時折外の方を見ても、明るい時間帯を行く妖の行き交う姿が見えるだけ。
「何時まで粘る?」
「夜になるまでは良いんじゃない?3食、蕎麦になるけど」
「了解。こういう時は、蕎麦屋のカレーとかその辺があればなって思うよな」
「全くさ」
蕎麦湯を飲んで、雑談しての繰り返し。
そんなことも、体感で1時間か2時間、やっていれば飽きてくるものだ。
「これ、いざ動くってなったらスイッチ入るのかな」
店内の客が4巡位回った頃。
3度目のおかわりを経た蕎麦湯にも飽きてきた頃。
何度目かの言葉をモトに告げた瞬間、入り口の方からの光が一瞬、遮られた。
「……」
「……」
2人、入り口に顔を向けてすぐに顔を見合わせる。
狐面の奥の表情は分からないが、きっと、私と同じように口元を引きつらせているはずだ。
入って来たのは、1人の"運び屋"。
ヤマシロと言葉を交わしたその妖は、フラフラと空いている席に向かう。
ヤマシロはその妖を見送ると、私達の方にゆっくりと顔を向けた。
「どうする?」
「出よう」
モトの問いに、私は席を立って答える。
彼の答えを聞く前に、彼の手を引いて入り口の方に戻ると、ヤマシロのお代を手渡した。
「ありがと」
「アア」
無駄な言葉は交わさない。
店を出て、少し歩いて、蕎麦屋の入り口がギリギリ見張れる所までやって来た。
「尾行か」
「そう。

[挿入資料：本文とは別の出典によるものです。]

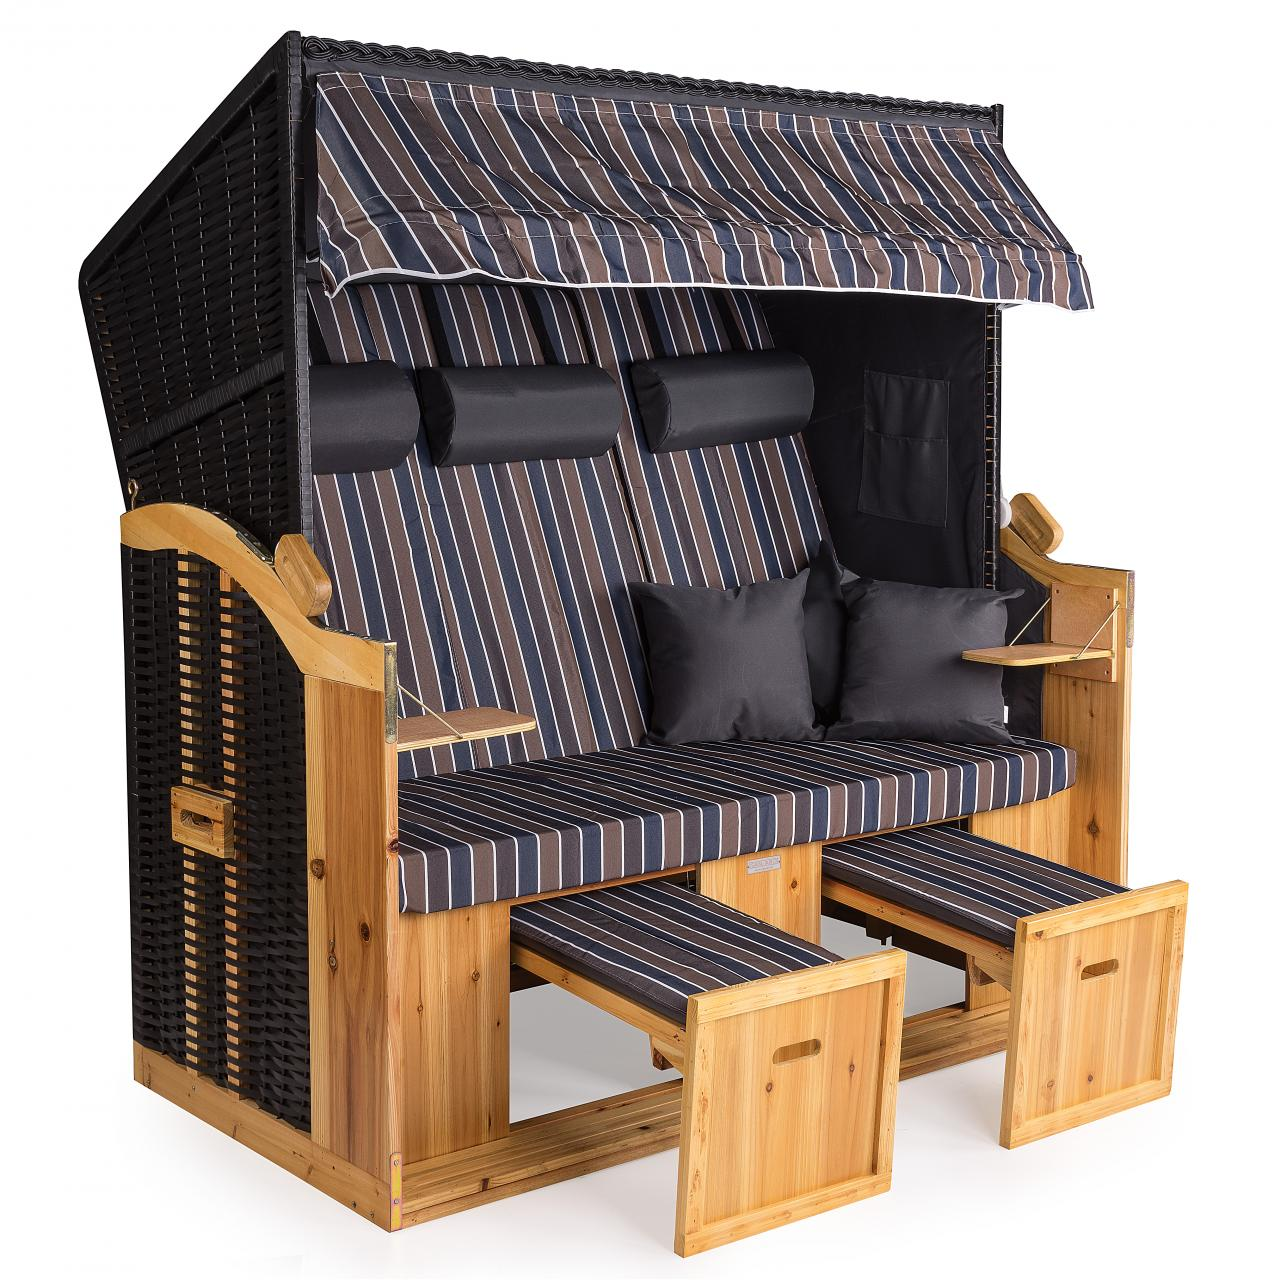 strandkorb xxl deluxe 160cm volllieger gartenliege ostsee. Black Bedroom Furniture Sets. Home Design Ideas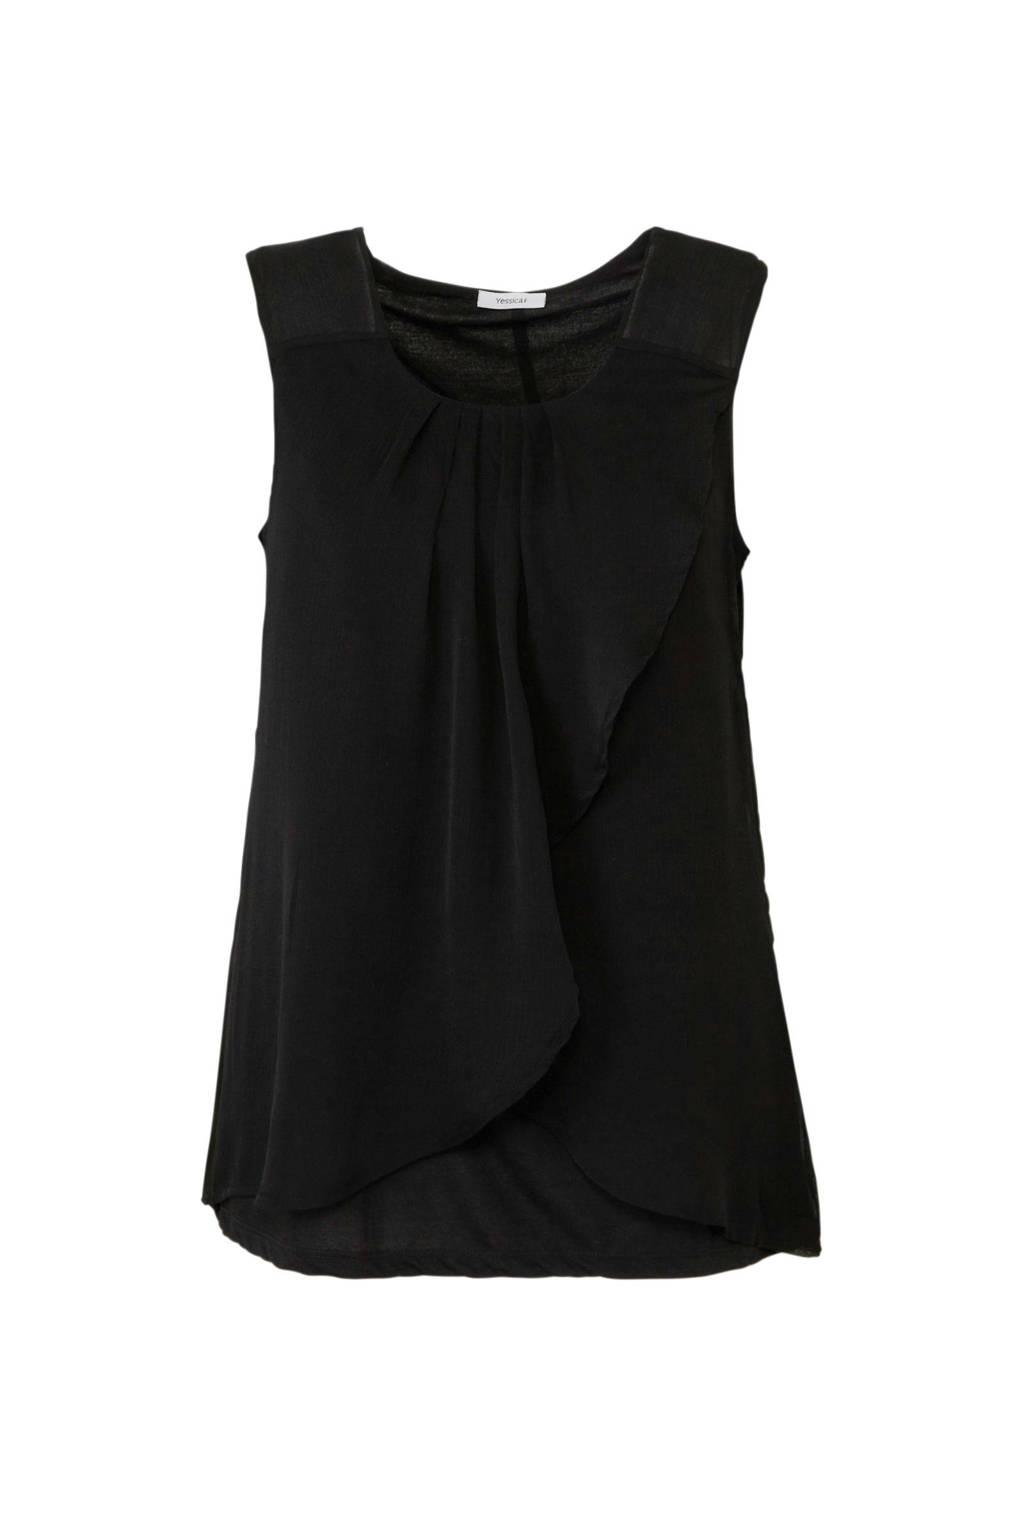 C&A XL Yessica semi-transparante top met overslag, Zwart

映画みたい」
長屋の壁に寄りかかる私達。
蕎麦屋の方を気にするモトの横で、私は懐から呪符を3枚取り出す。
モトの腕を引いて身を寄せると、取り出した呪符を彼の腕と首元に、適当に貼り付けた。
「沙月?」
「御守り。銭湯に居た奴よりも、妖力が強かった。近くにいると、人だってバレるかも」
「なるほど。サンキュー…」
「まさか、ここにきて順調になるとはね」
呪符を貼り付けて、その後でスマホを取り出して沙絵と八沙にメッセージ。
すぐに既読は付かなかったが、まぁ、別に構わない。
「保険はかけておくに限る」
そう言いながら、心臓の鼓動が少し早まった。